Cette citation d’Aglaja Veteranyi ouvre cette Réserve, dans laquelle nous allons nous promener au fil du papier épais et odorant, sur trente-six pages lumineuses et tout en retenue à la fois. La réserve est en effet un territoire marqué de limites mais aussi un sentiment de retenue, il paraît que c’est aussi une manière d’utiliser le blanc en dessinant.

C’est la réserve de Camille Nicolle qui signe les textes et c’est la réserve de Stéphane Ebner qui laisse traîner son pinceau et ses aquarelles sur la page, tantôt sous forme de taches et de traces, tantôt sous forme de décor végétal plein de fraîcheur, qui laissent tous respirer la page et nous donnent envie de cueillir un bout de ciel bleu ou de partir en exploration derrière les buissons, entre les troncs.

Les phrases parlent de disparition, de manque, de vide, de quête. Elles invitent (c’est ma lecture mais il peut y en avoir plusieurs) au lâcher prise, au laisser faire… A retrouver une essence végétale en nous, peut-être. A regarder au-delà des contours familiers. A devenir plus sensible. A sortir de sa réserve.

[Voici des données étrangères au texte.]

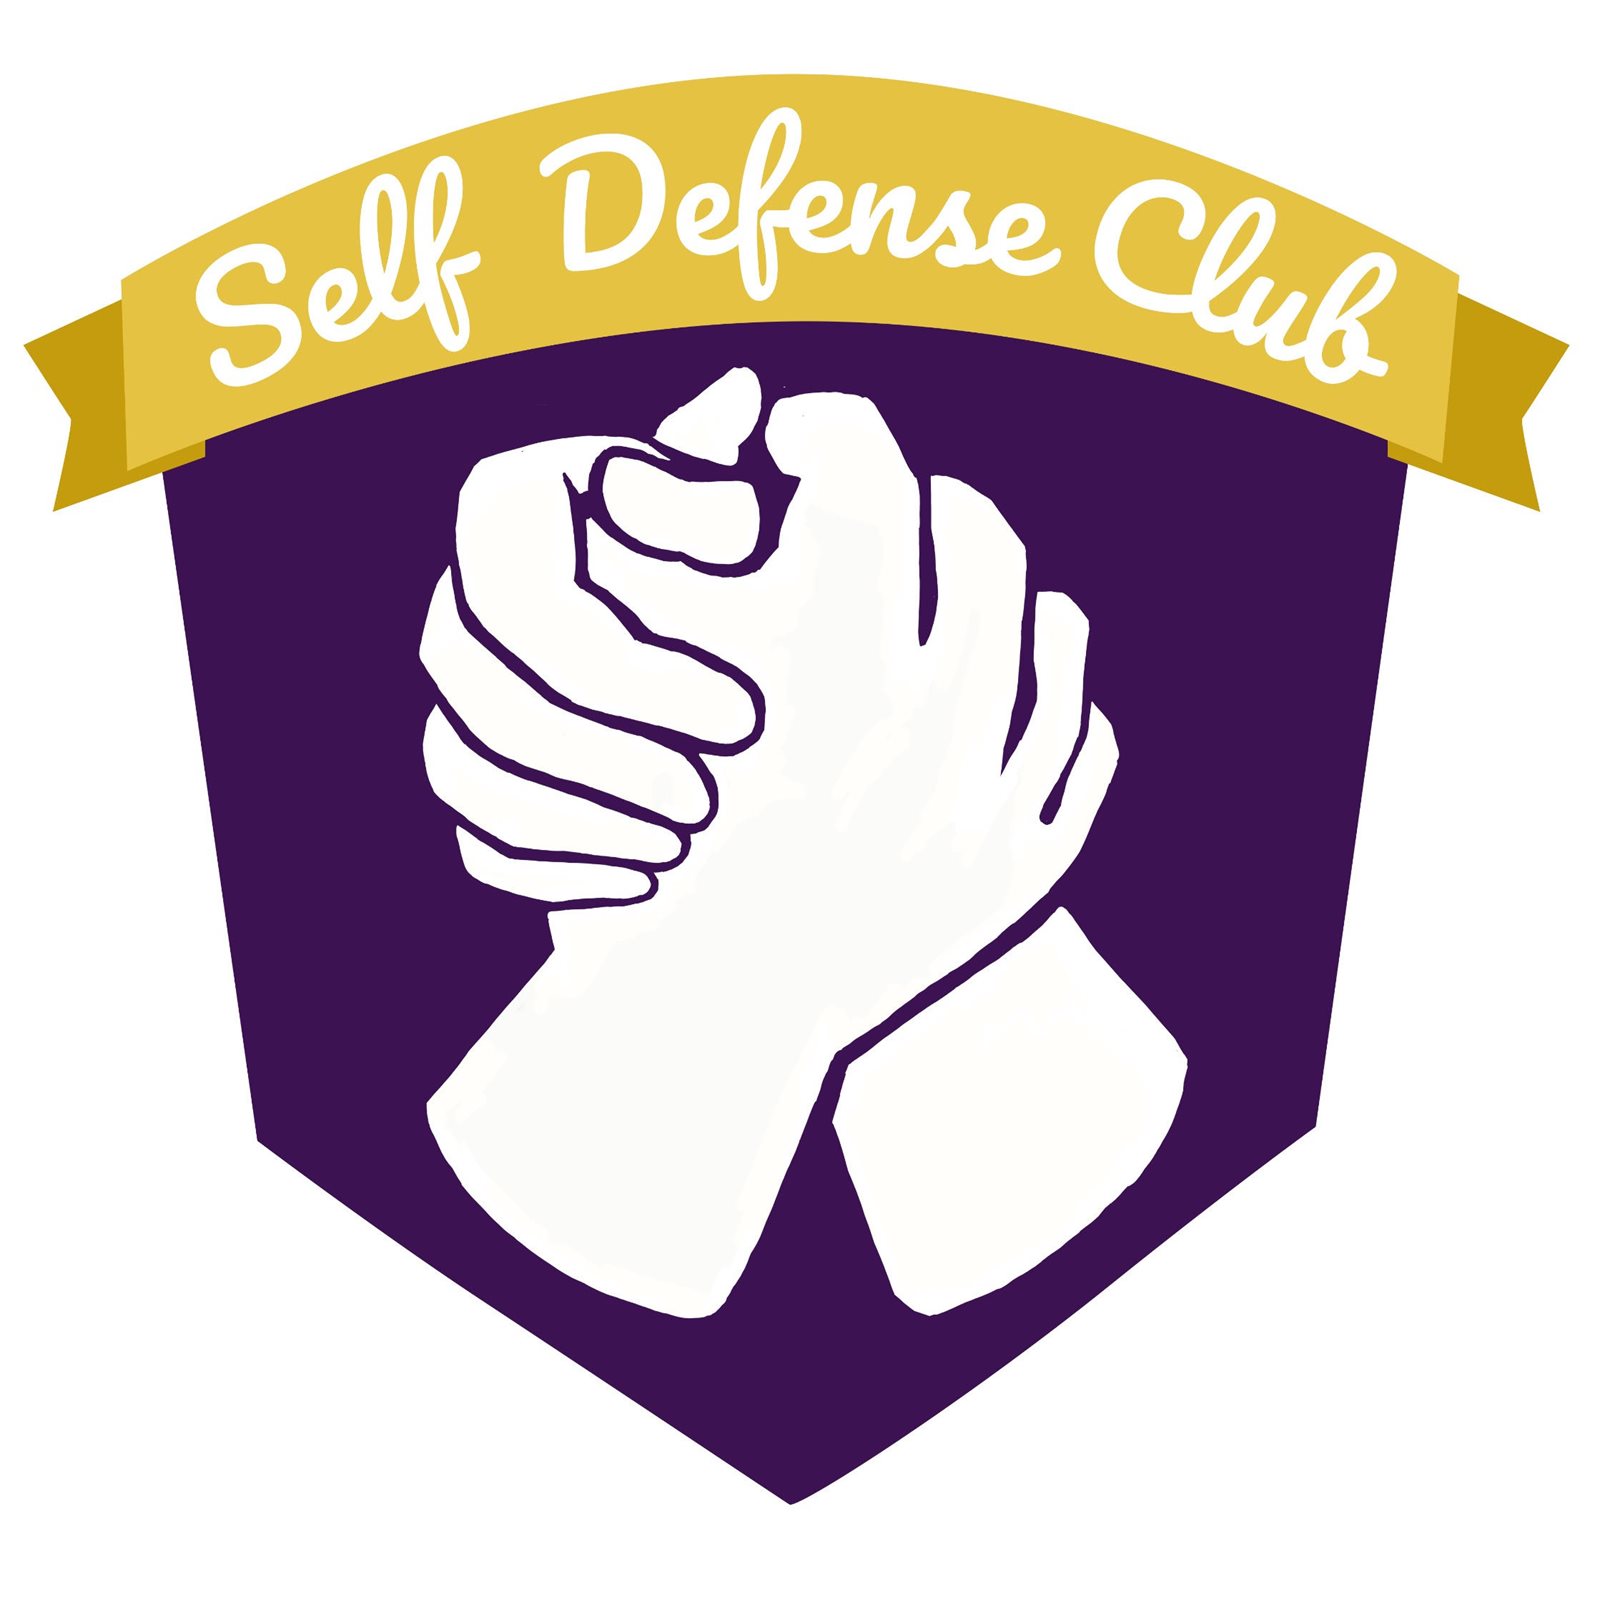 self defense club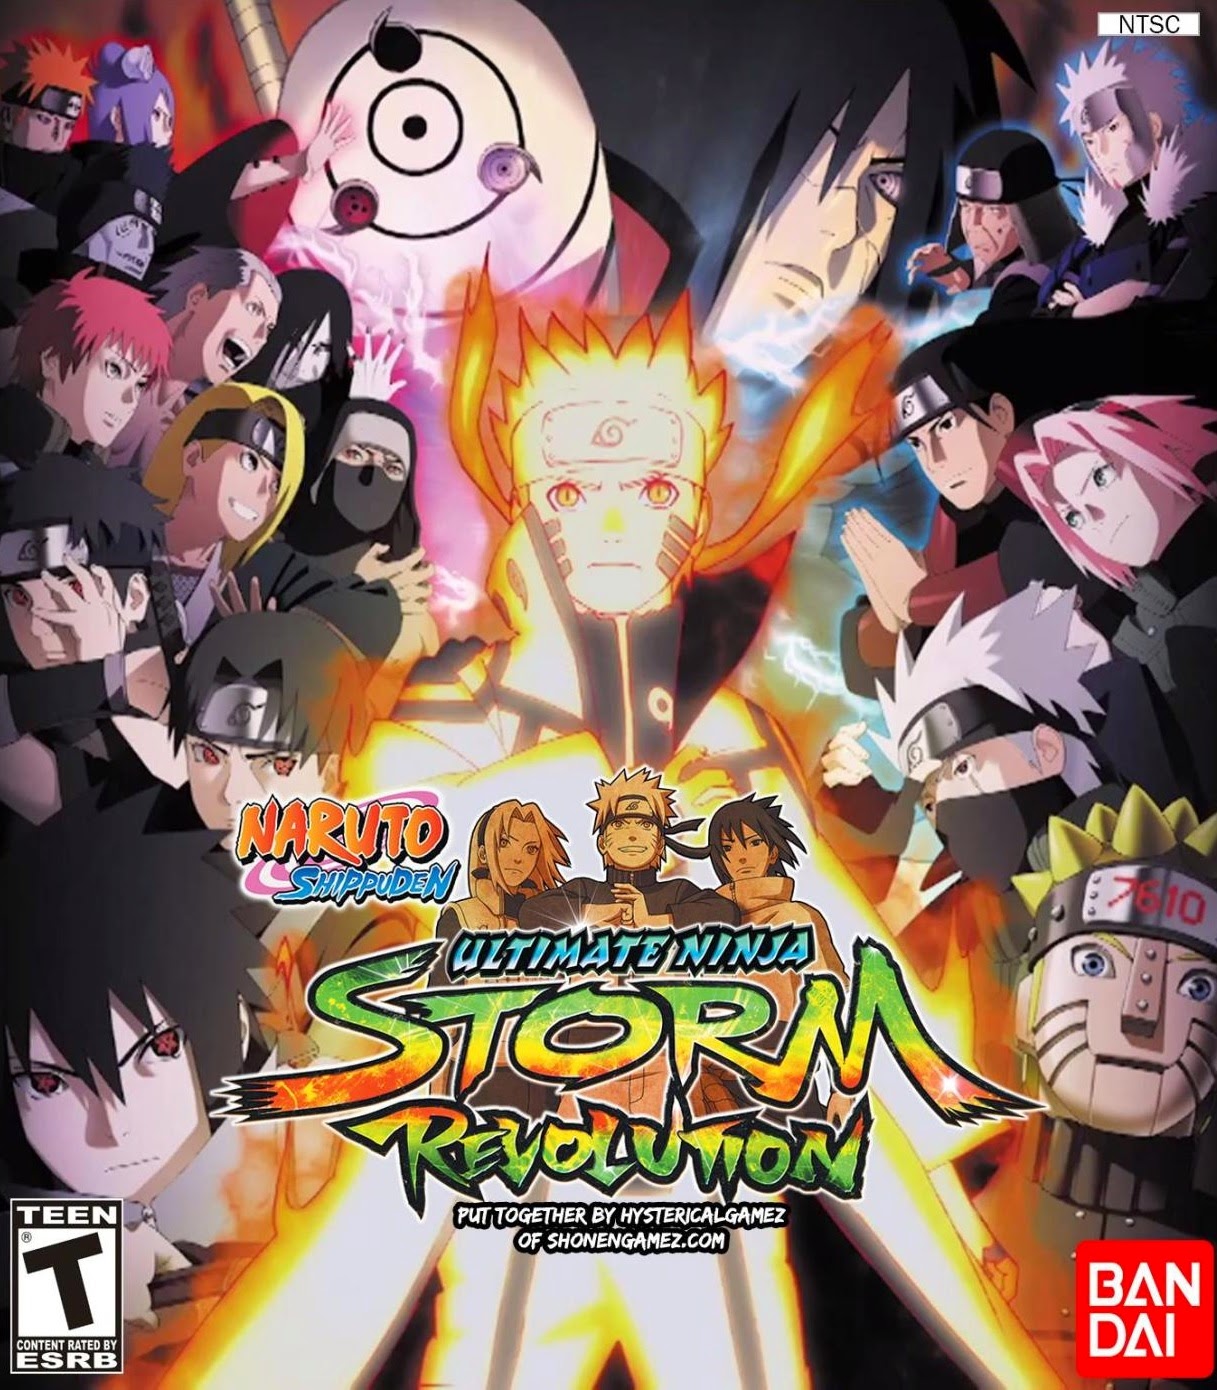 download game naruto shippuden ultimate ninja storm 1 pc

« Chaque matin tu disparais.

Alors, je cherche ta lumière d’hier

et c’est en vain.

Dehors il neige

et les valises ne servent à rien.

J’oublie ton nom. »

Camille NICOLLE et Stéphane EBNER, Réserve, Esperluète éditions, 2011

A la découverte des éditions Esperluète avec Mina. C’est jusqu’au 1e novembre 2015, n’hésitez pas à vous joindre à nous pour découvrir cette magnifique maison d’édition belge qui fête ses vingt ans en 2014 !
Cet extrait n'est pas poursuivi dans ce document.